Unfortunately, one of the downsides to the TG-5 is the lack of complete manual exposure control. However, for wide-angle underwater photography, the ability to shoot in Aperture Priority is sufficient—and will be the go-to choice for most shooters.
Setting the TG-5 to Aperture Priority allows some creative control over the exposure, while also allowing the camera to do some of the work
To produce the sharpest corners, I kept the aperture set to f/8. (Note that the camera only offers a limited set of aperture values, which are variable depending on focal length.) The camera would then meter the scene and adjust the shutter speed accordingly. I find that most compact cameras tend to want to overexpose the image, so I suggest setting exposure compensation anywhere from –2/3 to –1.5 stops. To achieve crisp light rays near the surface when photographing baby turtles, I even set the EV to –2 full stops and let almost all of the light in the image come from either the bright sun or my strobes.
Testing out the camera in low-light conditions (under ledges and inside wrecks), I found the camera automatically reduced the shutter to 1/60s—producing unwanted motion blur. I decided to increase the ISO sensitivity so that the shutter speeds could sit in above the 1/125s range. The ISO performance on the TG-5 is decent for an action camera, though as someone who is used to shooting with high-end compacts through DSLRs, I was slightly disappointed to find ISOs above 800 borderline unusable in terms of image noise.
Even at ISO 400, you can start to perceive some digital noise when viewing images at 100% (lower half), and by ISO 1600, the noise is noticeable even at web resolutions (upper half)
In the idyllic waters of Cayman, however, you have to search for conditions that might push the limits of the TG-5. However, I had the chance to use the TG-5 in a diverse array of situations: exploring the inside of wrecks, diving through massive underwater tunnels, playing with stingrays, and even photographing baby green turtle hatchlings swimming in sargassum.
The autofocus on the TG-5 was a real standout in these extremely different situations. Inside the wreck of the Doc Poulson, there was little-to-no available light and the camera locked on to features in the dark. I shot from the hip at Stingray City—meaning that I was just holding the camera below the surface and not looking at the LCD screen—and had confidence that the TG-5 would nail focus the vast majority of the time.

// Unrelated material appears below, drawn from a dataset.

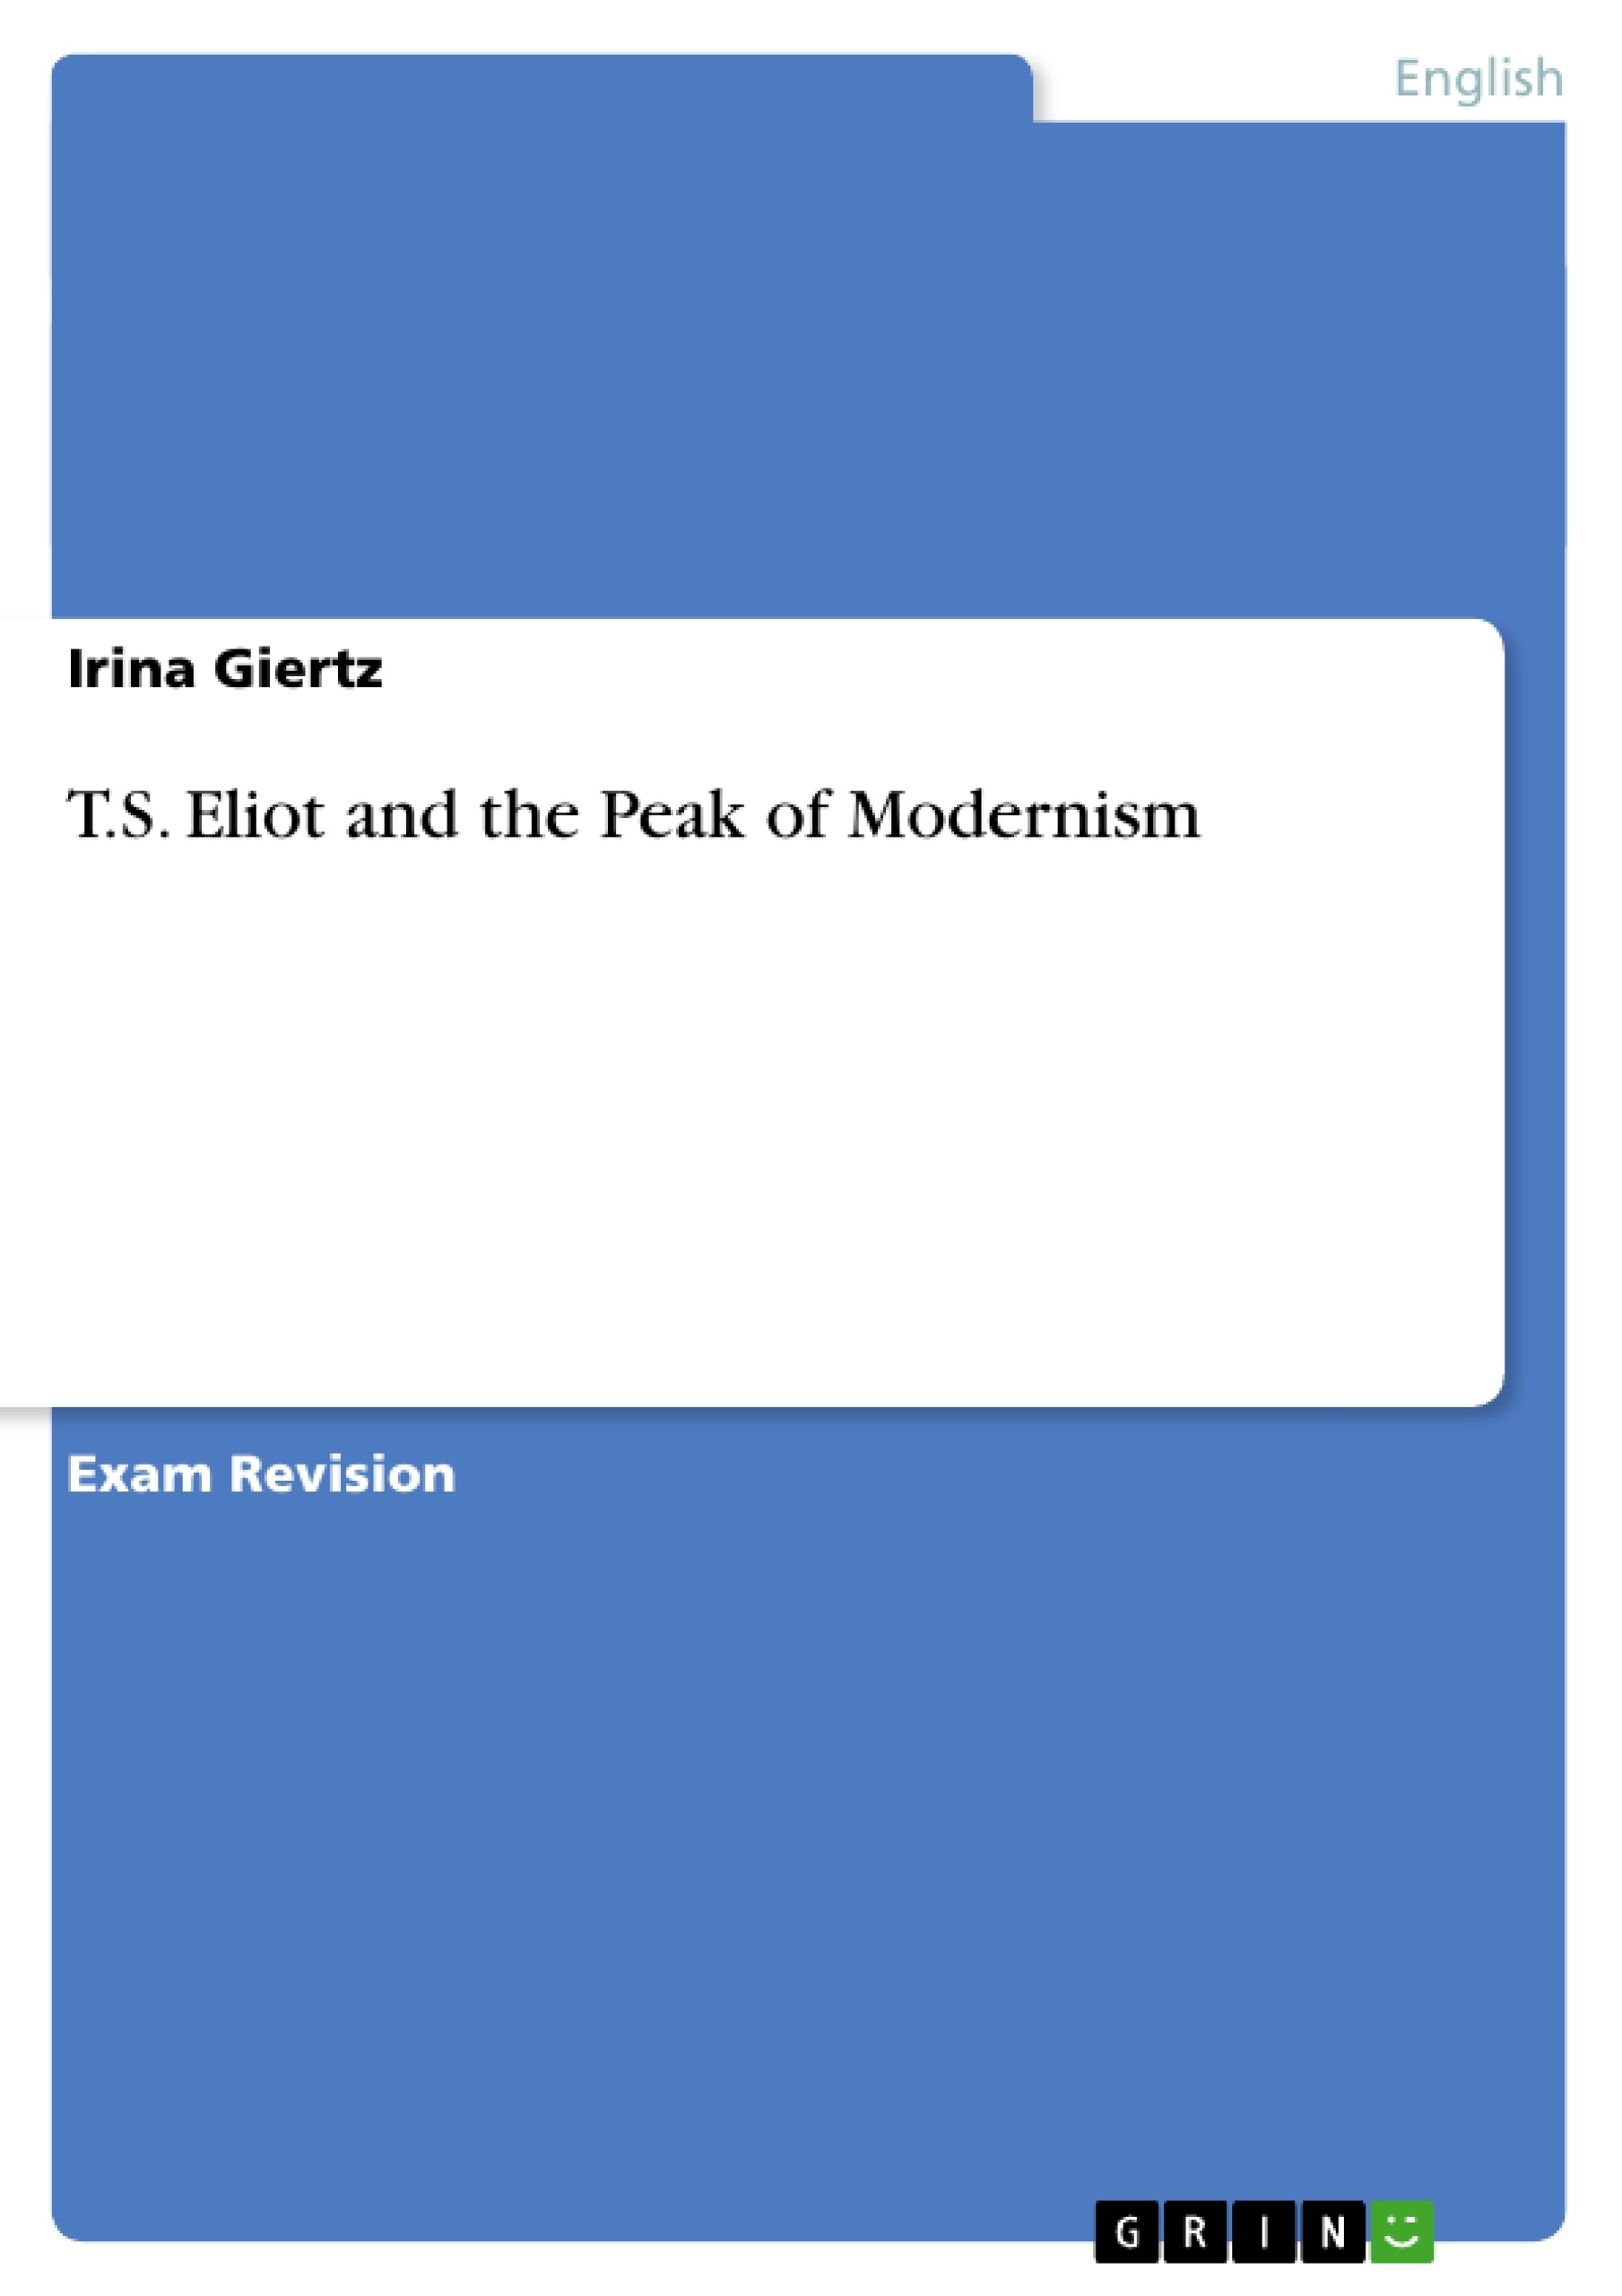 Titre: T.S. Eliot and the Peak of Modernism

The tiny, two-inch baby turtles truly pushed the limits of the camera’s autofocus, but by selecting single point AF and freediving below the subjects to pinpoint the subject in the frame, I was able to get a few tack-sharp pictures—even when the turtles were almost literally riding on top of the Backscatter M52 wet lens.
The TG-5 excelled in classic wide-angle scenes
Tiny turtles tested the TG-5’s autofocus to the max—and the camera delivered more often than not
Is there a better stamp of approval for a camera system than when the reviewer decides to purchase it? Probably not. After testing the TG-5 out for several weeks, I decided to make the setup my own. Sure, I wish it had full manual exposure and integrated white balance in movie mode, but I’m willing to overlook these shortcomings for a built-tough secondary setup to my DSLR that can handle swarms of sharks as well as stingray selfies.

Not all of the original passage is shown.